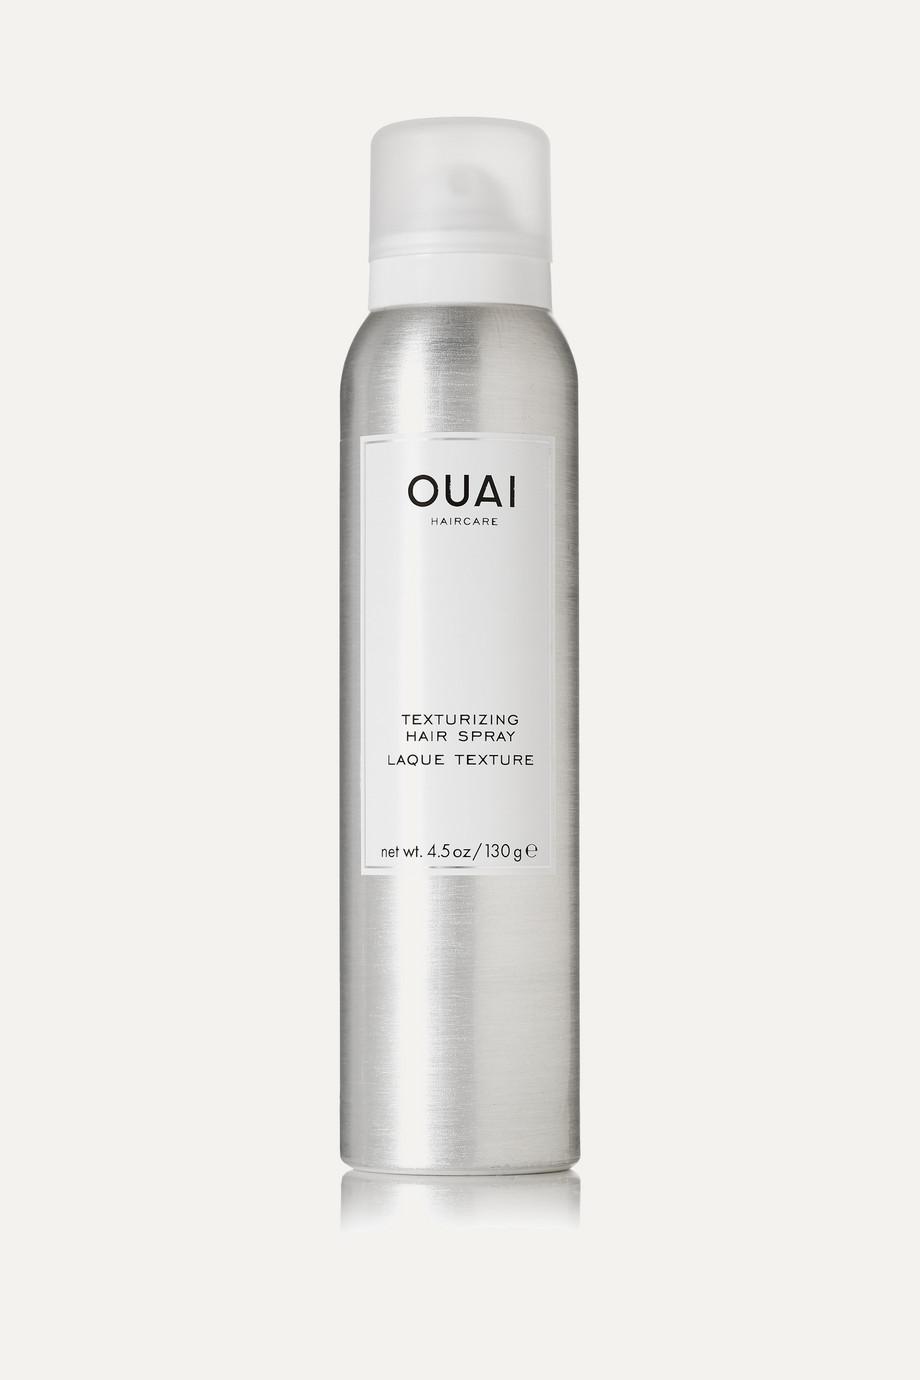 OUAI Haircare Texturizing Hair Spray, 130g
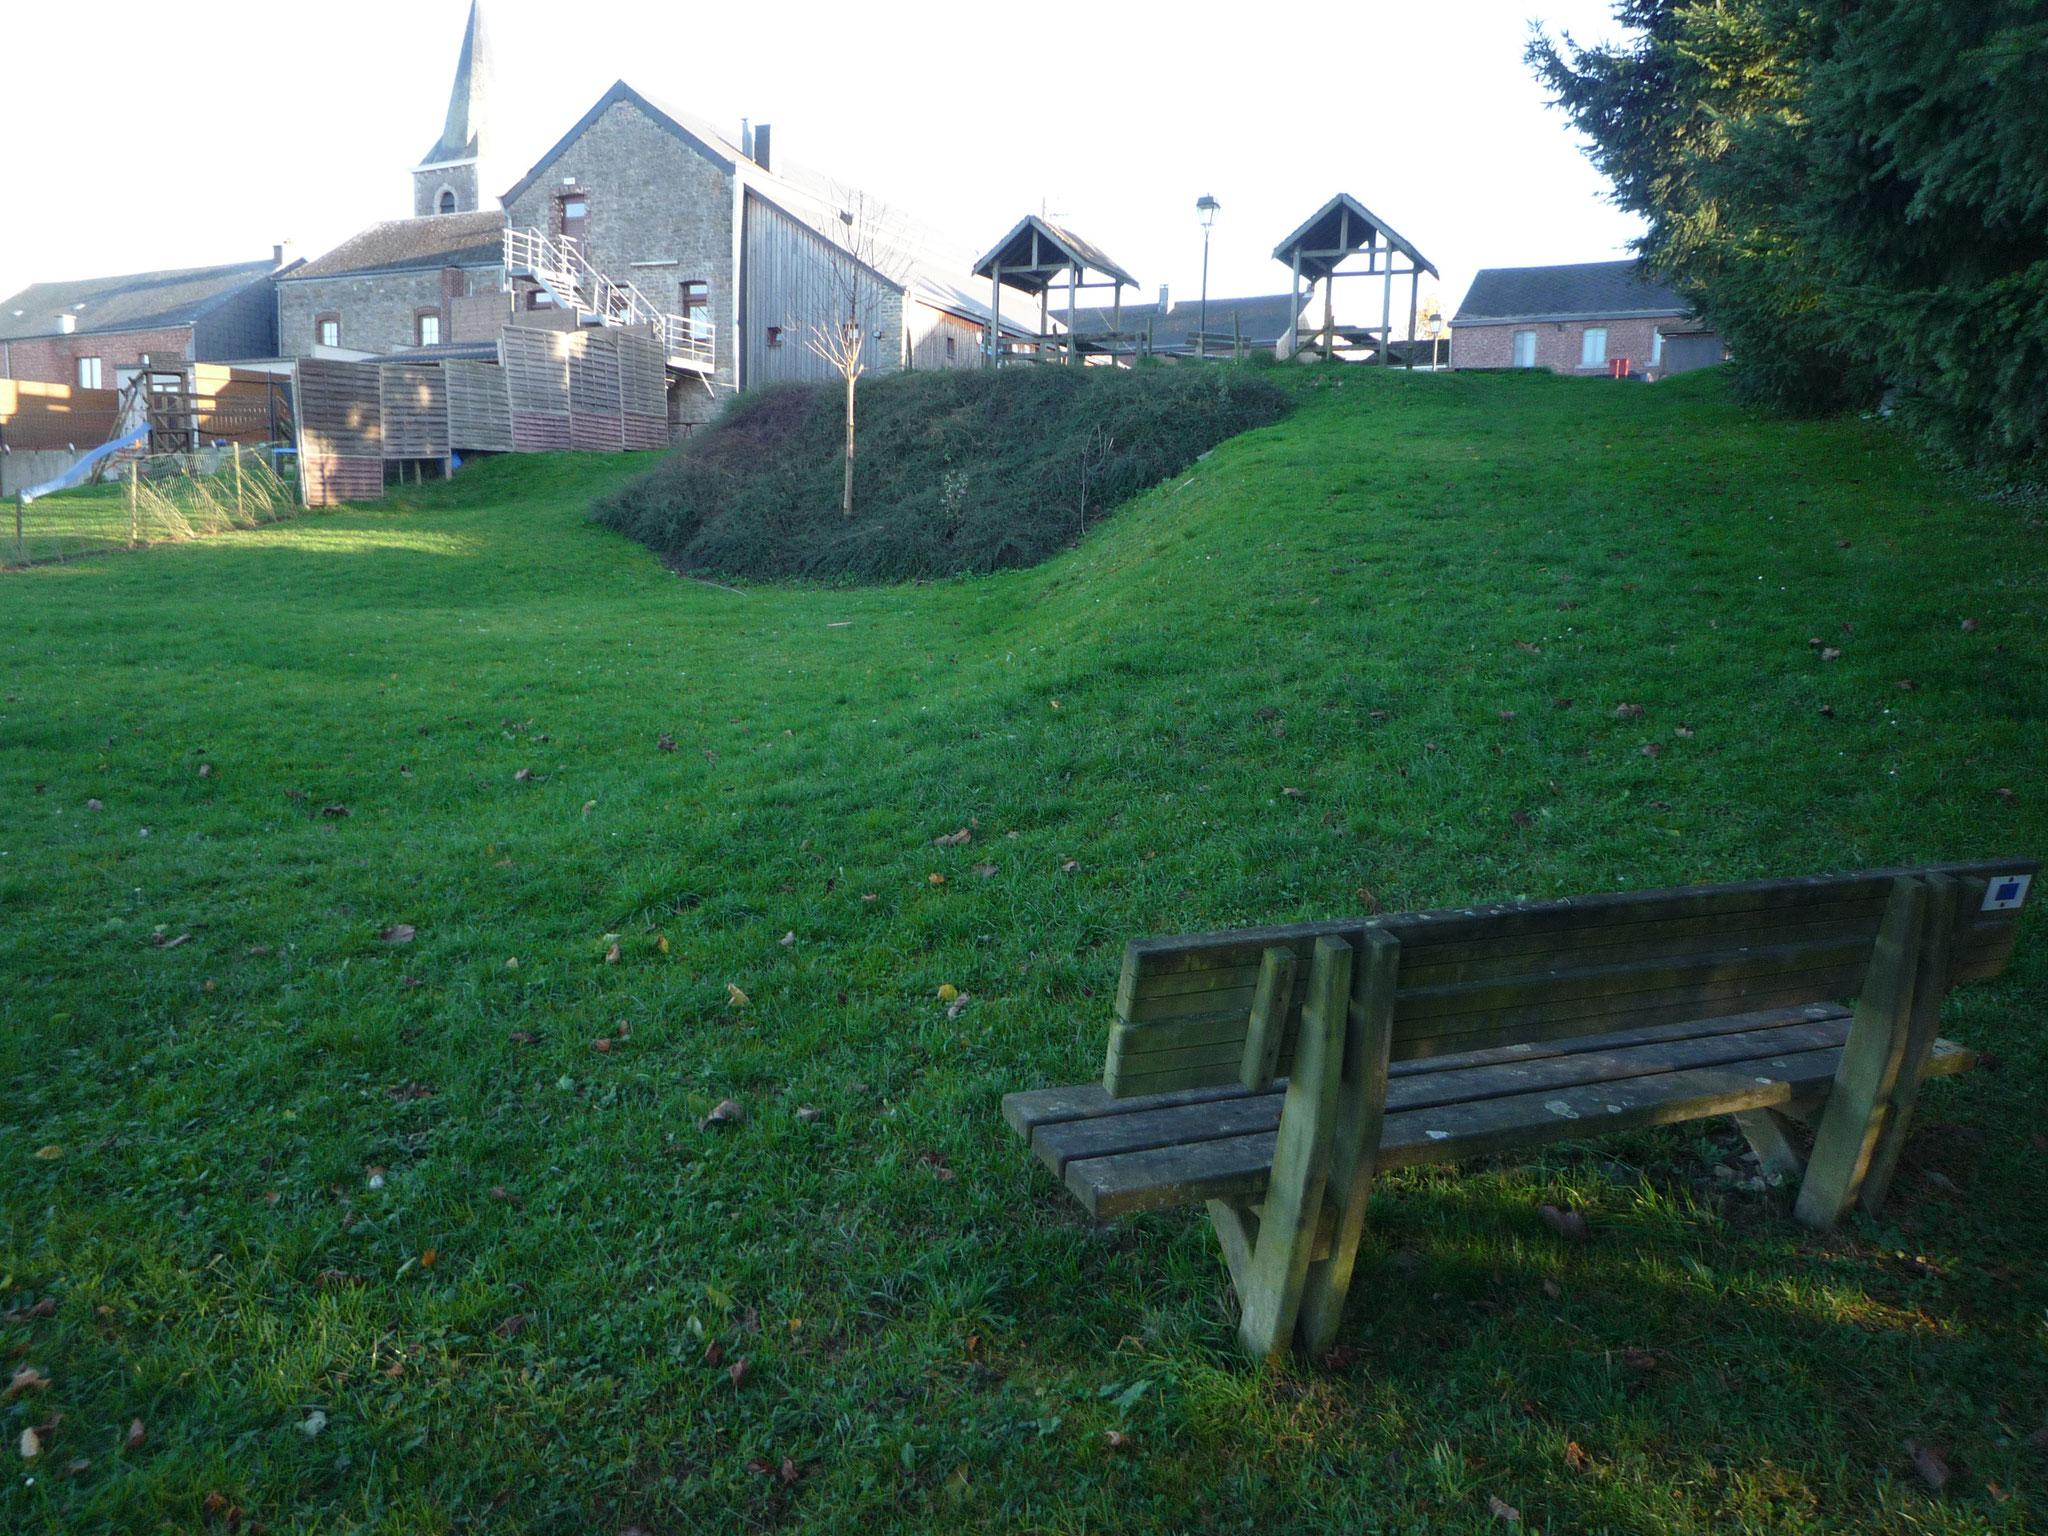 Equipement site du village de marenne for Jeu scout exterieur
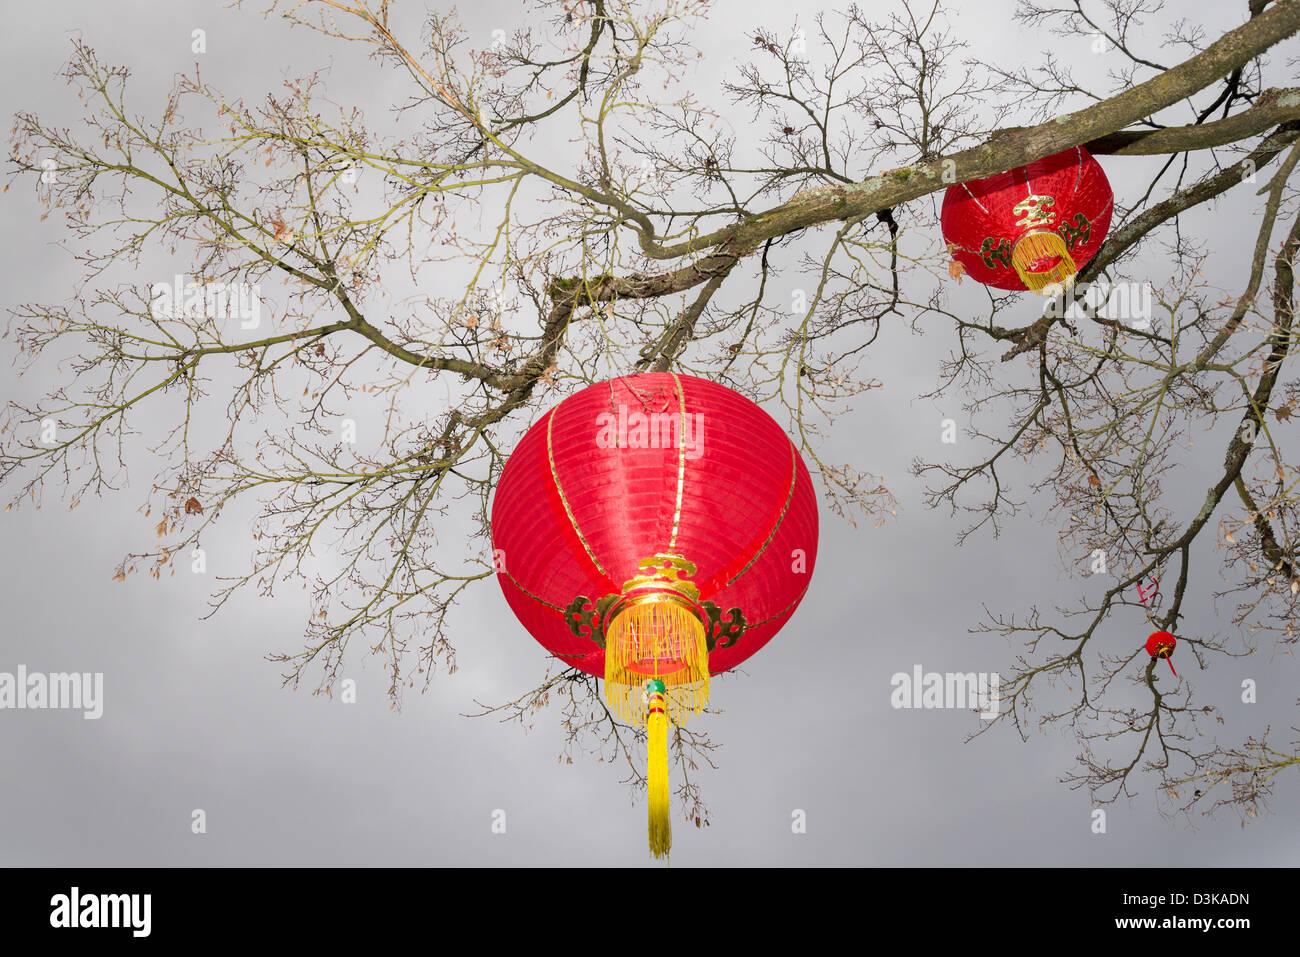 Lanternes rouges, Dr Sun Yat Sen Park et jardins, Chinatown, Vancouver, British Columbia, Canada Photo Stock

■ ■ ■ ■ ■

**TASK OBJECTIVE:** Transcribe exactly the lines above, running from the one that contains "Equipement site du" through the final line of the listing, and skip every picture.

**TASK ANSWER:**
 Equipement site du village de marenne for Jeu scout exterieur
 Lanternes rouges, Dr Sun Yat Sen Park et jardins, Chinatown, Vancouver, British Columbia, Canada Photo Stock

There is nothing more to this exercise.